Para não esfriar o truco, não estiquei a prosa. Como disse antes, Seu Damasceno não é frequentador assíduo, mas, também, não é de sumir por tanto tempo. Interrompi o assunto mas, fiquei remoendo com meus botões e ai, percebi que havia dias que não o via em parte alguma.

Nos dias que se seguiram, como Seu Damasceno não aparecia, comecei a investigar seu sumiço. Perguntei por ele aqui no balcão da Vendinha, para as pessoas que passavam, e, até na Vila da comunidade e a resposta foi sempre a mesma.

- O "home" sumiu, Seu Zé!

Como não havia notícia de viagem ou mudança, achei que devia levar o caso mais a sério. Assim, fui à estação saber do Agente se podia ajudar com alguma informação.

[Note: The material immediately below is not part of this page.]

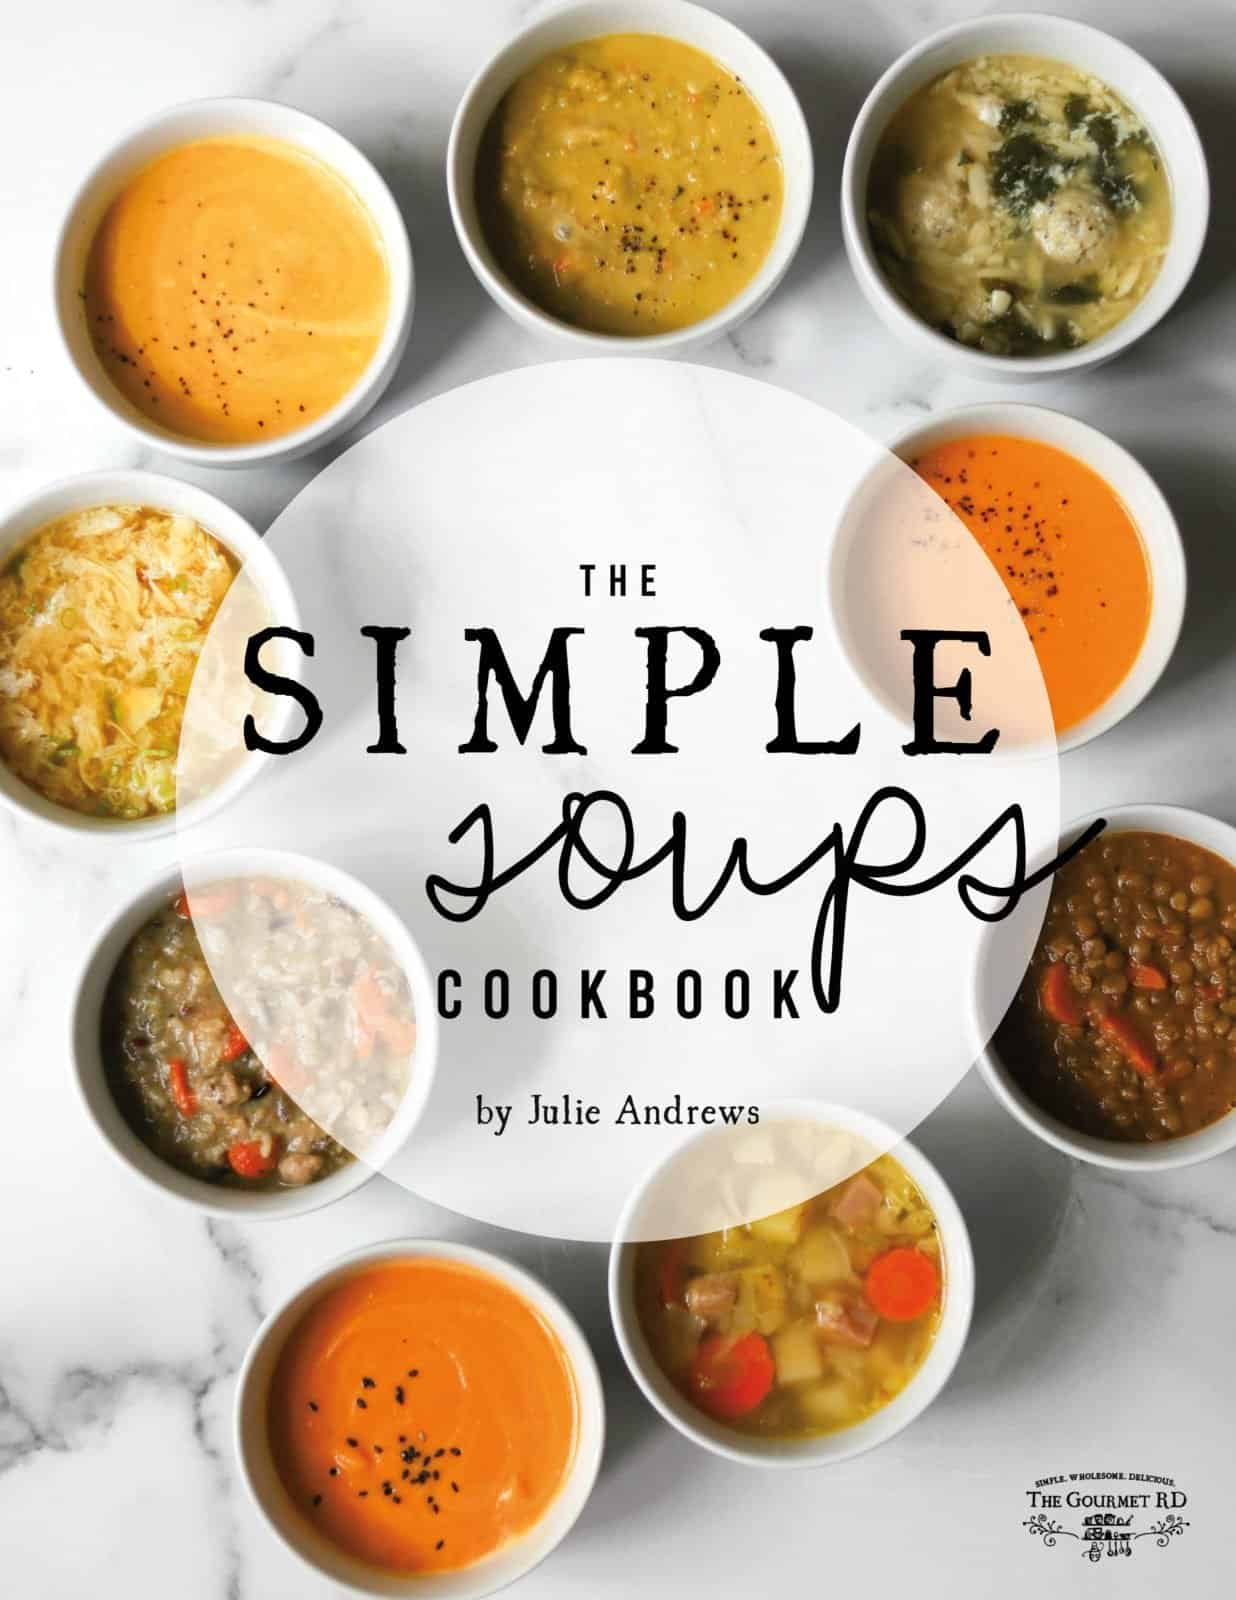 Simple Soups Cookbook Cover.

- Não, Seu Zé. No trem ele não embarcou.

O mistério só aumentava. Na fazenda, onde o homem tinha sido capataz até se aposentar, também ninguém sabia dele. Voltando à estação, indaguei de Seu Zé Ribeiro, o agente, se tinha endereço de algum parente, então, ele me disse que havia o filho de Seu Damasceno, que eu nem sabia que existia.

- É que o moço foi-se ainda muito jovem, para estudar na cidade. Formou-se e ficou por lá. Nunca mais voltou.

- E o senhor tem o endereço dele? - perguntei.

- Vez por outra, Seu Damasceno passava um telegrama para o filho. Faz tempo que enviou o último mas, posso ver nos arquivos. Talvez ainda tenha.

Tinha! Passei uma mensagem para o moço, informando do sumiço do pai, perguntei se ele estava por lá e pedi que abreviasse a resposta. Era o que eu podia fazer. Agora era esperar o resultado. Enquanto aguardava, a vida seguiu seu curso e as tardes, no balcão da Vendinha da Grota, voltaram à mesmice.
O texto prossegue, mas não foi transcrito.